Correct design of handheld products is crucial for preventing upper extremity acute trauma disorders (ATD) and cumulative trauma disorders (CTD), such as blisters, carpal tunnel syndrome, hand-arm vibration syndrome, tendonitis, etc. [1]. In order to prevent this, authors have provided guidelines and mathematical models for determining the sizes and shapes of the product handles to maximize finger-force exertion, comfort, contact area, thus minimizing the chances to develop ATD and CTD [25].

The mechanical properties of the skin and subcutaneous tissue are very important during grasping tasks as they are in direct contact and the forces and moments are transferred from the product to the whole hand-arm system. It has been shown that skin and subcutaneous tissue have non-linear viscoelastic properties, where the skin is stiffer than the subcutaneous tissue [6, 7]. Both have low stiffness regions at small strains followed by a substantial increase in the stiffness when the strain increases.
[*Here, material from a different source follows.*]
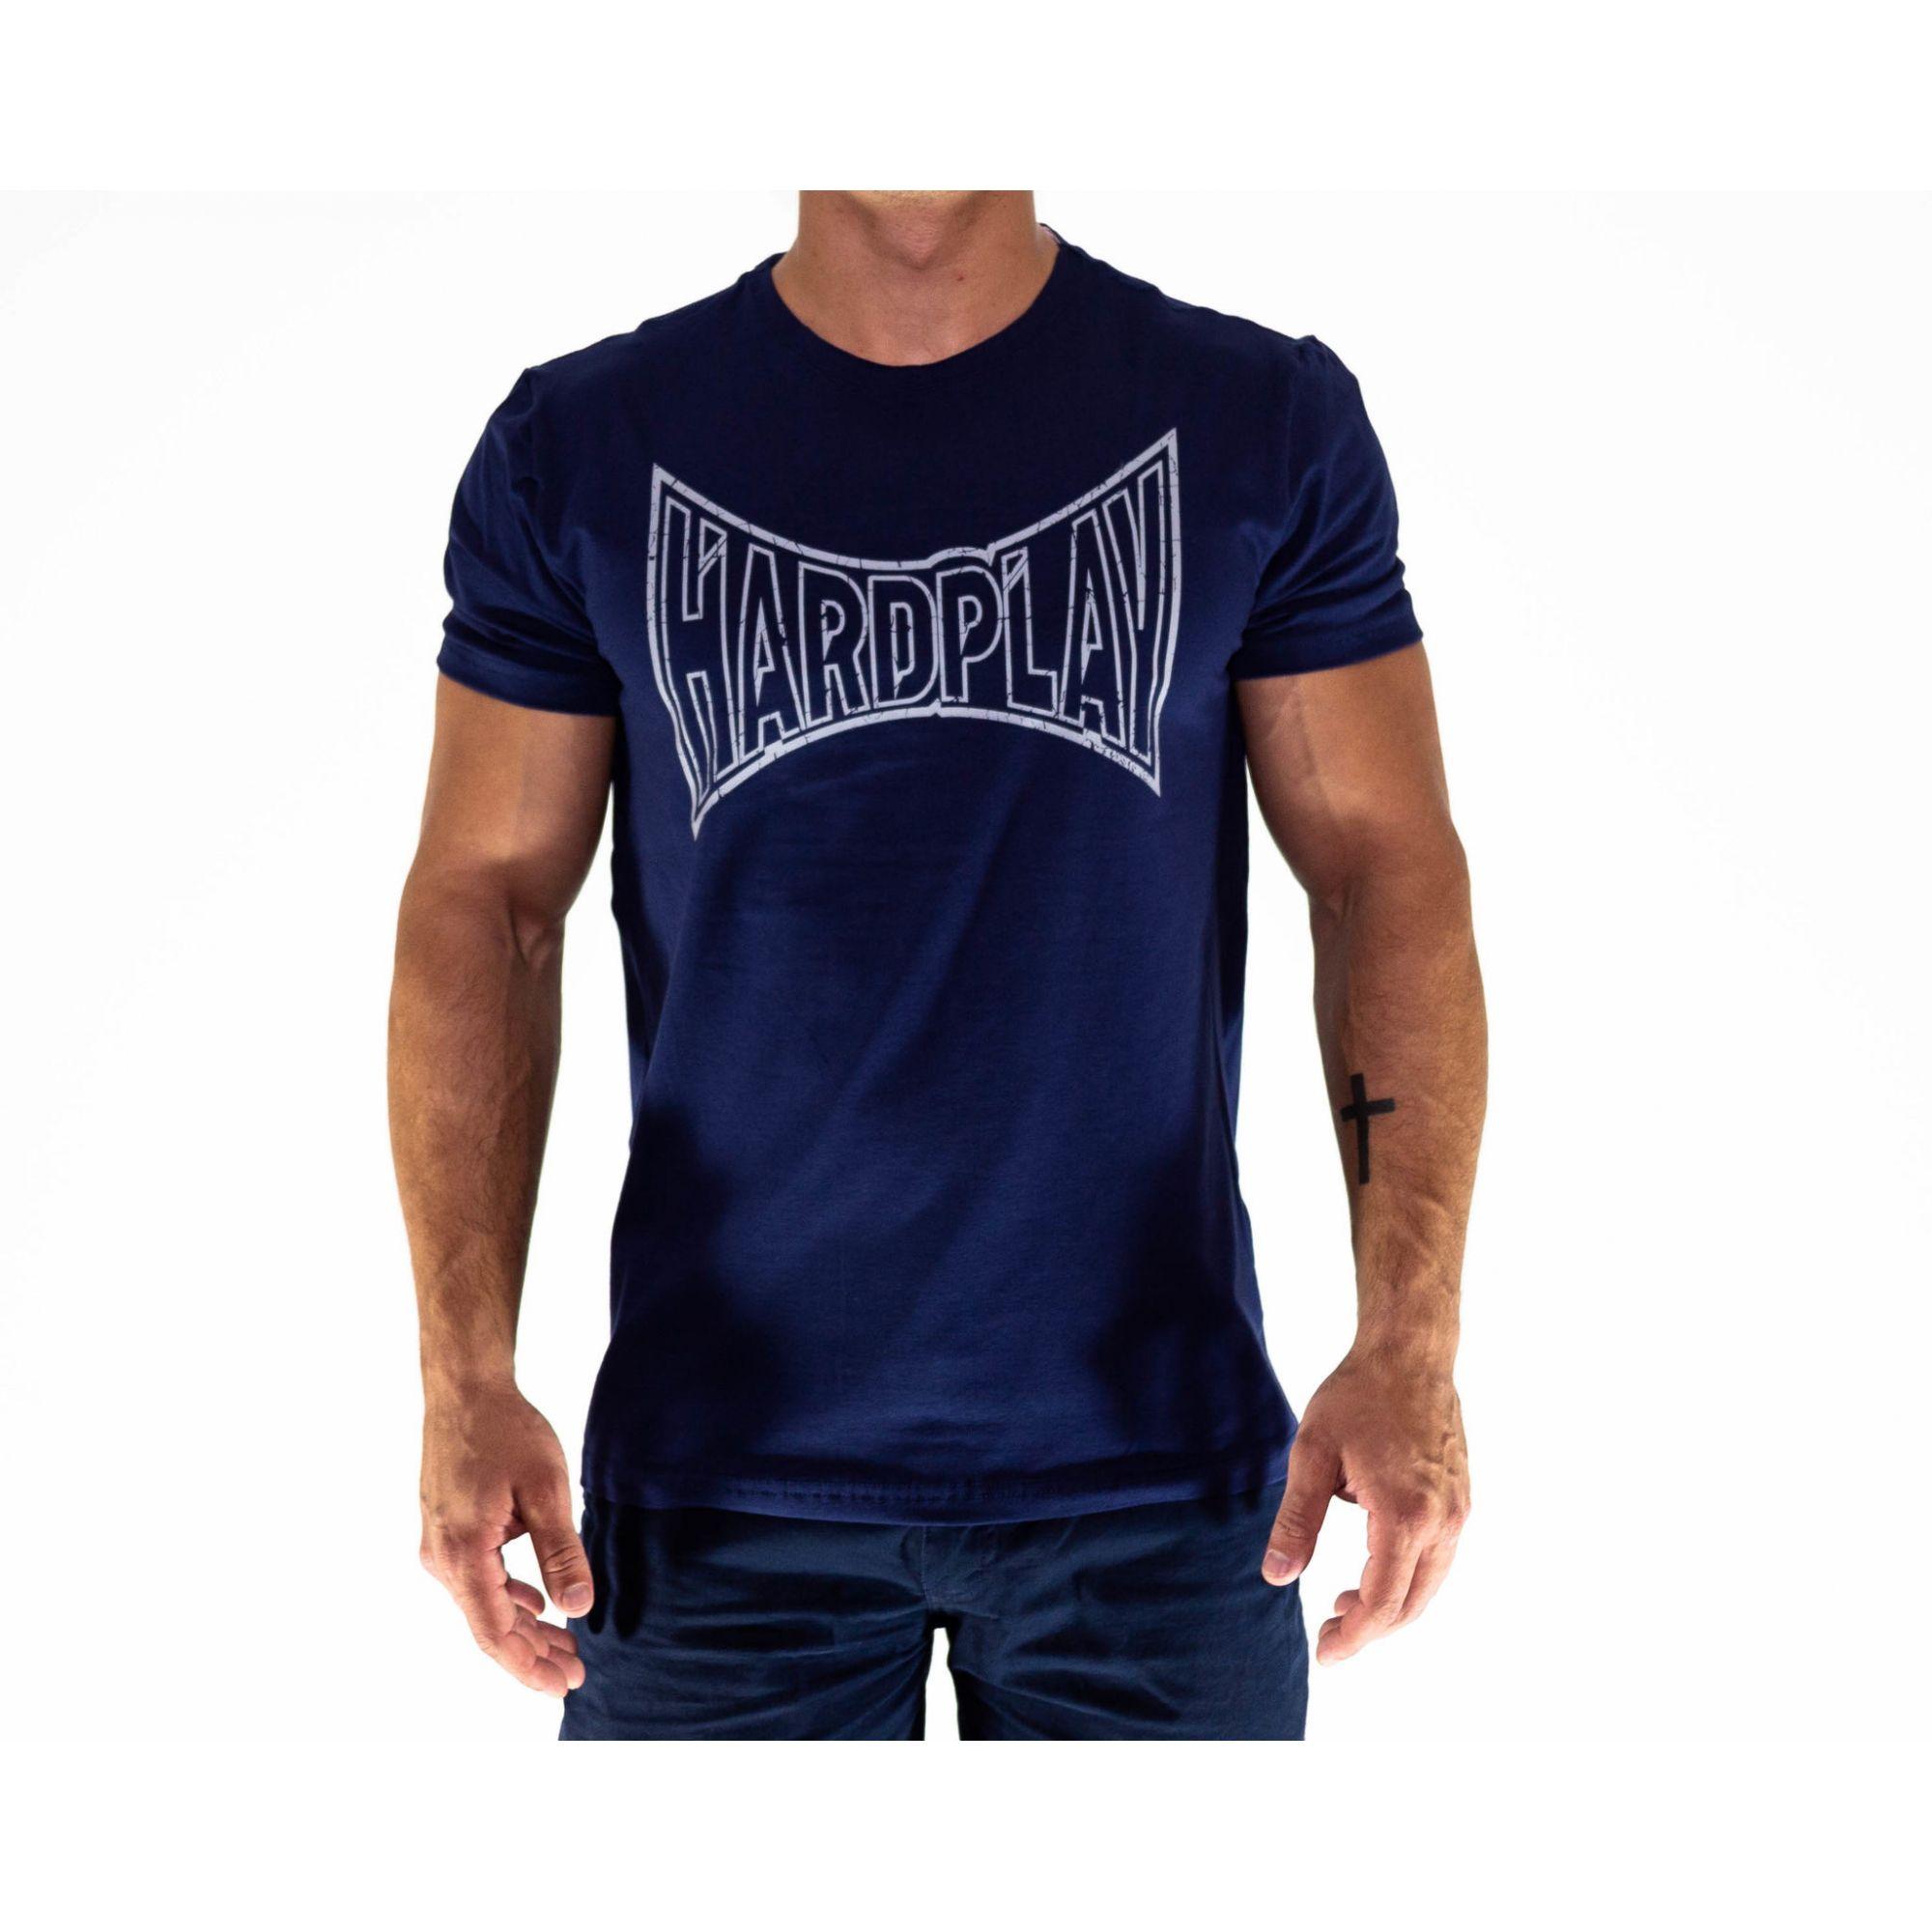 Camiseta HardPlay Azul Marinho

A power grasp can yield a contact pressure of the fingertip of 80 kPa or over, which has been shown as excessive loading for skin and subcutaneous tissue [8]. Authors also provided rough guidelines of pressure discomfort (PDT) and also pressure-pain threshold (PPT). Values between 100 kPa and almost 200 kPa have been reported [9, 10]. Handheld products which require high grip, push, pull or torque exertion on the handle produce high contact pressures, which is known to be one of the primary factors for the ATD and also CTD development [11]. In order to maintain the desired user performance, the designer has to design tool-handles, which distributes contact pressure more evenly and do not exceed the provided limits [9].
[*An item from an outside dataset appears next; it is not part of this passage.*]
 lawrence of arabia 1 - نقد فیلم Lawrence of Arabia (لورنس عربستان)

Most authors have focused on the sizes and the shapes of the product handles, but neglected those interface materials of the handles that are in direct contact with the user’s hand. Authors provided basic guidelines regarding the material choice, but did not investigate and consider the mechanical behaviour of the skin and soft tissue whilst grasping handles of different materials [12].

It has already been shown that cellular materials can be characterised to meet specific mechanical behaviour [13]. Within such context we have already proposed a composite hyper-elastic foam material that can lower the contact pressure whilst keeping the low deformation rate of the product handle material to maintain a sufficient stability rate when using the product [14].

Due to high complexity of the simulated system of the fingertip and hyper-elastic foam with non-linear materials, it is difficult to propose a foam material with optimal material properties for optimal mechanical behaviour of the system.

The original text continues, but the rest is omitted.